Лишь оно вразумляет народы, воюя бескровно,
Отделяя от истины кривду и бред подлеца.
Как велик на сегодняшнем поприще угол паденья!
Ложь над правдой бесстыдно пытается взять перевес.
Но противно Всевышнему этой тщеты отраженье,
Что трясёт ежечасно благие основы небес.
И такая ли, вправду, вершина Господня творенья —
Человек, что у ближних без права их жизни крадёт?
Почему лишь на подлости есть у него разуменье?
Почему перед сильными мира пасует народ?
Отчего все молчат по пингвиньи, почуяв опасность,
Если в двери соседей однажды стучится беда?
Даже смерть не страшна, коли в жизни присутствует ясность,
Совесть, честь и любовь тесно спаяны с ней навсегда!
Я, увы, не гожусь на безгрешную роль эталона,
Но, живя не спеша, не кривлю своей вечной душой
И люблю до восторга земное прекрасное лоно
Как придел, заповеданный внукам, единственный мой.

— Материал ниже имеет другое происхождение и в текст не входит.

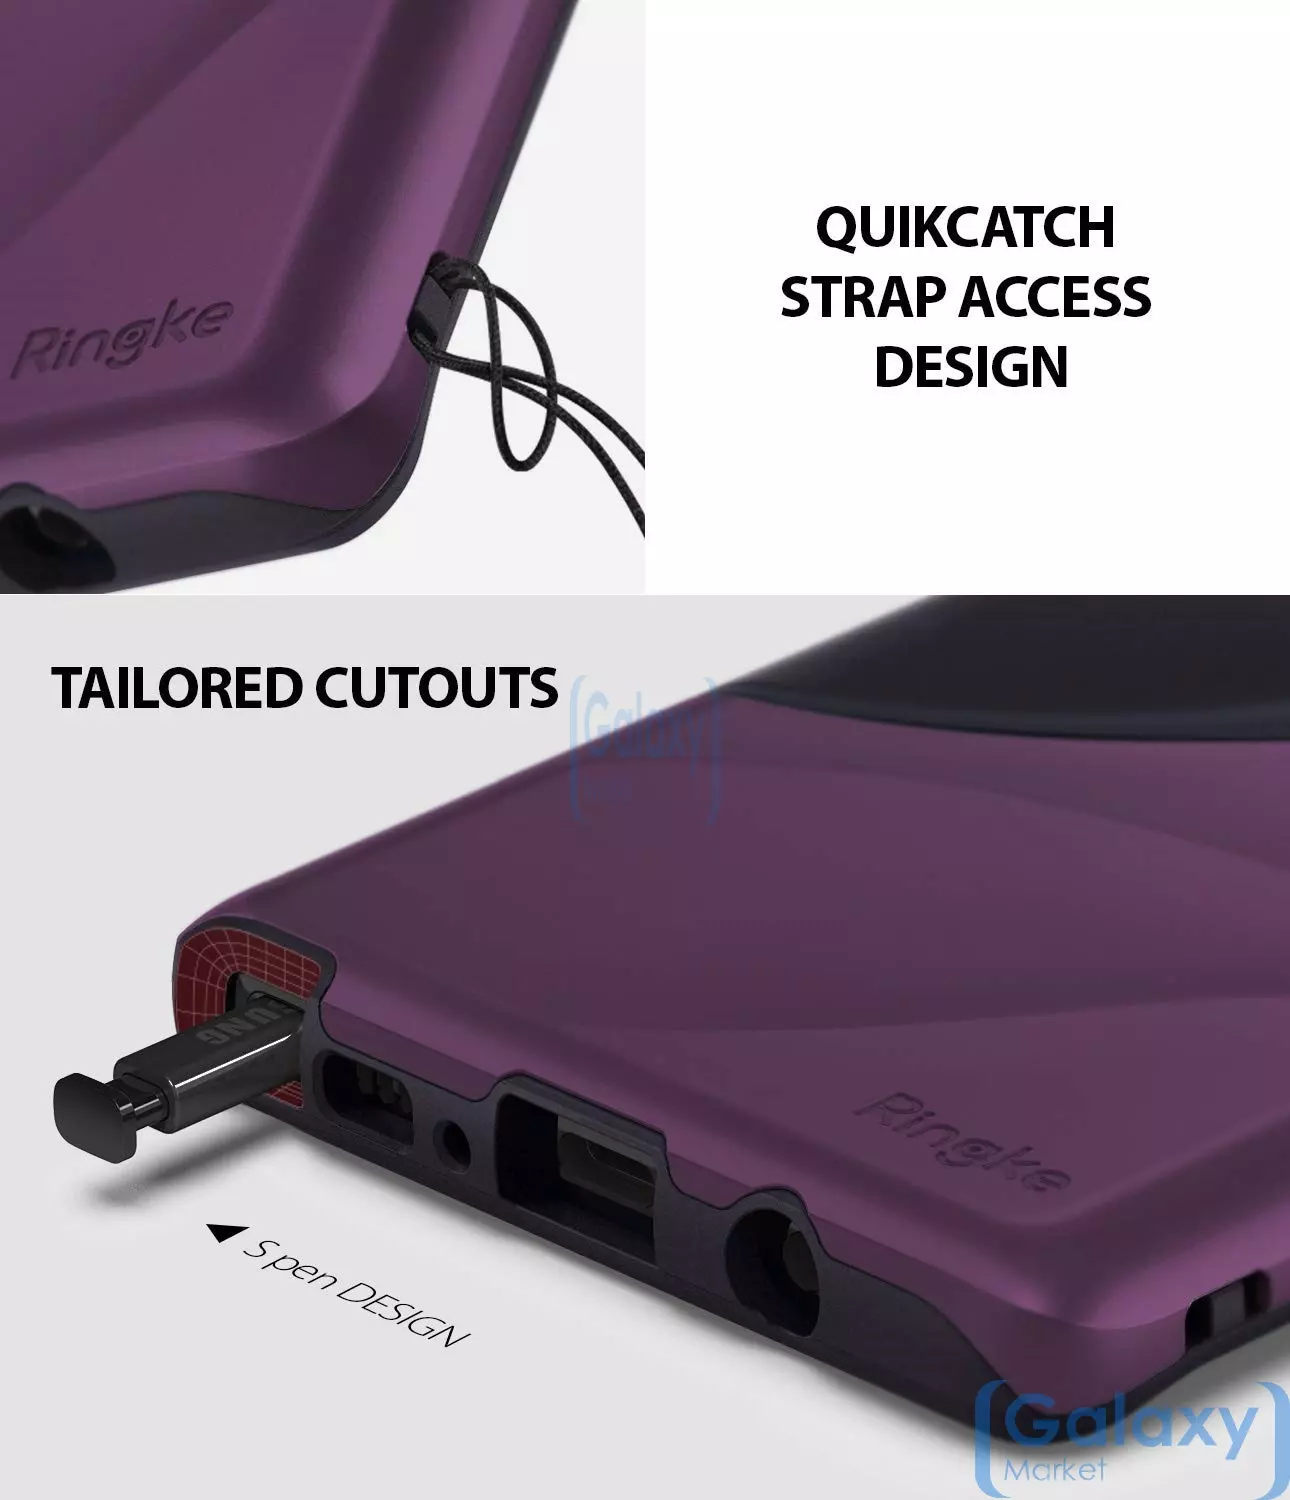 Чехол бампер Ringke Wave Case для Samsung Galaxy Note 9 Metallic Purple (Металлический фиолетовый)

Как же хочется знать, что, уйдя, оставляешь нетленным
Этот маленький остров творения! Если бы так!
Но разрушить его тянет руки свои неизменно
Каждый алчный, расчётливый, лживый и мерзостный враг.
Разговоры любые сползают сейчас к Украине.

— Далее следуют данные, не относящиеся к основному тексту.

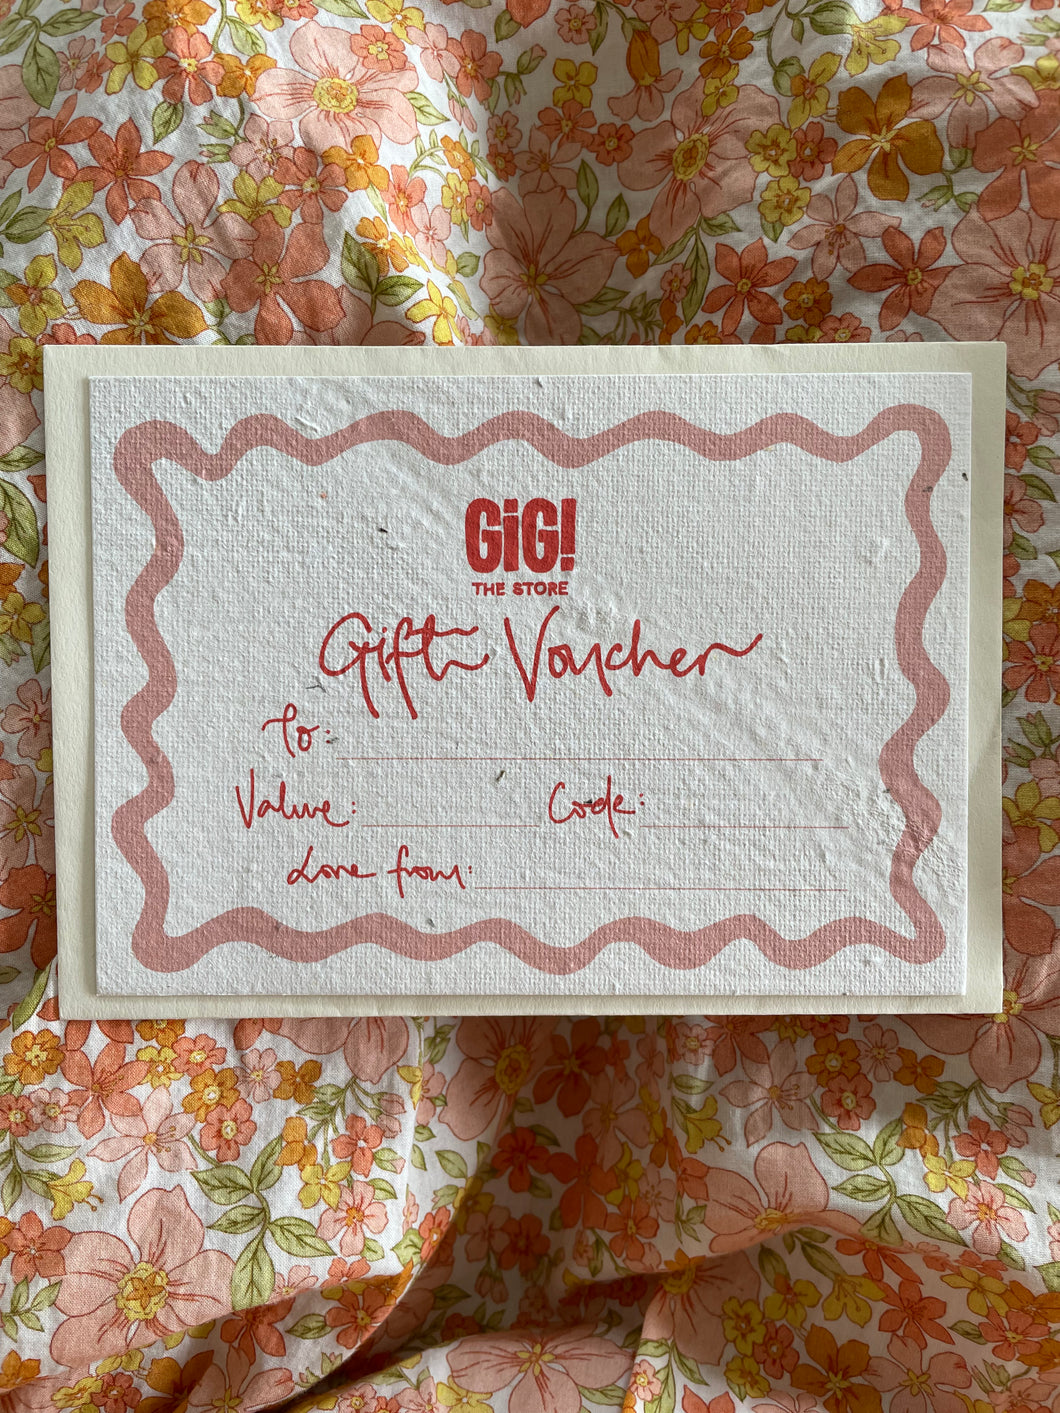 Gigi the store gift card

Украина сползает к большой беспощадной войне.
Нет покоя нигде никому никогда и отныне
Свет кровавой звезды мне сопутствует даже во сне.
Что же делать, когда погибают совсем не чужие,
А другие сидят в стороне и с надеждою ждут,
Что минует несчастье их крепкие праздные выи,
И свободу на блюде им после войны поднесут?
Убегают от пуль и снарядов мужчины в Россию,
Чтоб за спины попрятаться женщин и наших детей…
А убийца с лицом непотребным играет в Мессию,
Лицедейством своим впечатляя таких же *лядей.
Но достоин ли мир, чтобы так же влачиться и дальше,
Чтобы лучшие худших спасали ценой бытия?
Как же людям не станет противно от выспренней фальши,
Под которую лезут удобрить собою поля?
Не сойти бы с ума от кошмара грядущего часа,
Когда мы позавидуем тем, кто ушёл в небеса.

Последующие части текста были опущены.